Closed bsless closed 2 months ago
This adds support for reading and writing large sequences without materializing them in memory. Few choices I made I'm not sure about:
.writeValuesAsArray
and not writeValues
, but I wanted ensure equivalency between input and output sources@ikitommi do you know why the work flow failed when setting up the environment? The error is from tar
, of all things.
Did I do something wrong or does it need to be rerun?
Is the read-values
for just reading e.g. top level Array elements?
I recently implemented following example, where I used readTree
to get one property from top level object, and then create lazy seq from items in that property. Not sure if this uses streaming, but I'm quite sure this prevented storing the whole array in a vector (https://github.com/metosin/jsonista/blob/master/src/java/jsonista/jackson/PersistentVectorDeserializer.java):
(defn read-geojson-features
"Try reading geojson file without loading full features array to memory"
[^Reader f]
(let [^JsonNode tree (.readTree json/default-object-mapper f)

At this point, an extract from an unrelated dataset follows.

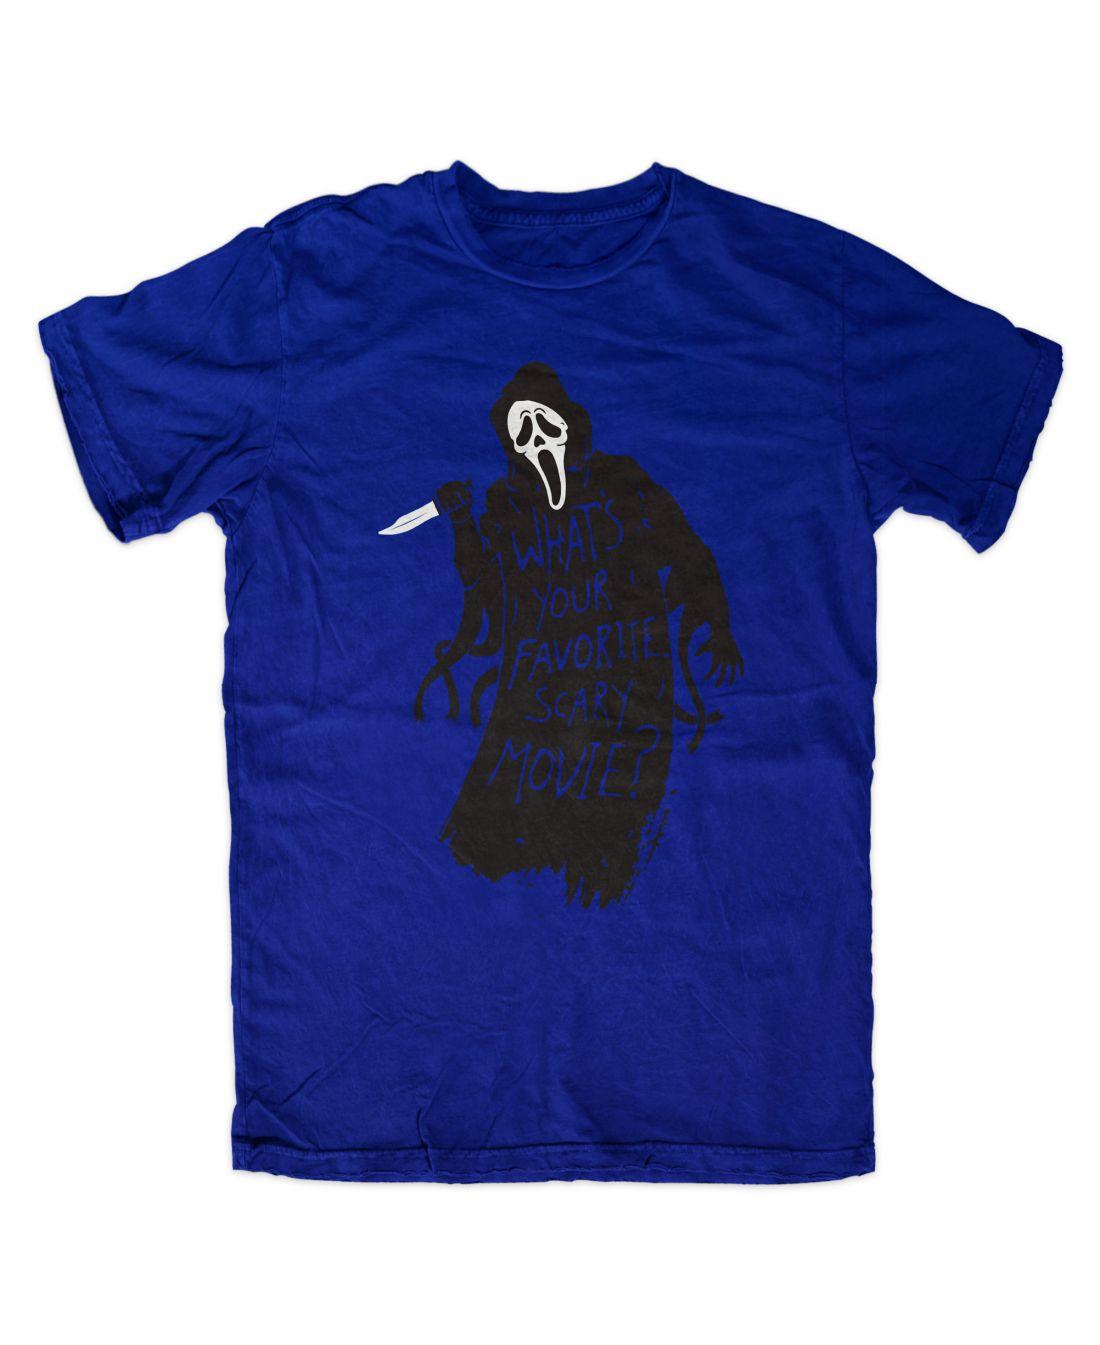 Favorite Scary Movie (királykék póló)

^JsonNode node (.get tree "features")]
(->> (map (fn [node]
(.treeToValue json/default-object-mapper node ^Class Object))
node))))
Is it possible to use streaming in such cases? If not, maybe preventing creating vectors for big Arrays is an separate issue.
@Deraen, thanks for giving it a look
read-values
is just for reading to level Array elements, as it's the context in which I considered streaming. I don't know if maps are "streamable" in that sense. Looks like JsonNode does expose a method for an Iterator of Map.Entry, so yes.
The main difference in your implementation is that .readTree
seems to be eager, just keeps an internal node representation instead of mapping into an external object. In that sense it is lazy. If you return a reducible/iterator instead of map over the node it will be even more lazy.
The use case I was trying to solve is one where you already know you're going to be reading a large array or dealing with some stream of data.
We can divide the possible solutions into three degrees of laziness:
I think these solutions are fundamentally different. I don't think lazy streaming could be generalized beyond 3, but partial laziness like your solution is an avenue to explore. These are separate issues, use cases and requirements, in my estimation.
Yeah, that makes sense.
I'll try to look a bit more into case 2, if there is still something that will be shared with this case. Before introducing new API here, I want to understand if we could cover both cases with similar functions.
Maybe I'll need to read JsonNode impl, or profile memory use with readTree.
It is possible to also use stream reading to read values from an array inside an object: https://github.com/metosin/jsonista/compare/stream-testing https://cassiomolin.com/2019/08/19/combining-jackson-streaming-api-with-objectmapper-for-parsing-json/
One just needs to navigate the parser to the array start token first.
I guess lazy-seq is doing some caching so the example is not optimal, but didn't quickly find better way to call .readValueAs until the END_ARRAY token is found.
I don't think we need to provide functions to move the parser, but maybe something to make easier to efficiently read array values once the parser is in correct position?
Wrap-values is currently private, and that would be useful if a user wants to call e.g. readValuesAs
themselves. Is that fn needed because the Iterators from Jackson don't implement Iterable themselves?
What's the difference with wrap-values and clojure.core/iterator-seq
? Chunking? Though an Iterable is turned to seq with the same method.
@Deraen not exposing a seq api over read-values
was intentional. It returns something very similar to an Education. A user can always transform it to a lazy-seq and get everything associated with it but the other way around? not so much. Lazy seqs just create data buffers in memory. I want to be able to stream data from input to output directly. Imagine reading a byte stream with read-values and writing it out with write-values. No intermediary allocations or buffering, directly bytes to bytes (or stream to stream). This implementation returns an iterable, you can wrap in with an Education which is also an iterable, then write it out with write-values.
read-values dispatches to the ReadValues protocol. It returns an iterator via an ObjectReader derived from the supplied mapper. The returned iterator is reified in a manner similar to Eduction to support reduction and sequence construction over it.
write-values relies on two protocols - WriteValues for the output destination, similarly to WriteValue, and WriteAll for the type being written, which can be an array or an Iterable. It writes an array or iterable to destination via a SequenceWriter. Importantly, write-values distables automatic flushing on serialization to get good performance.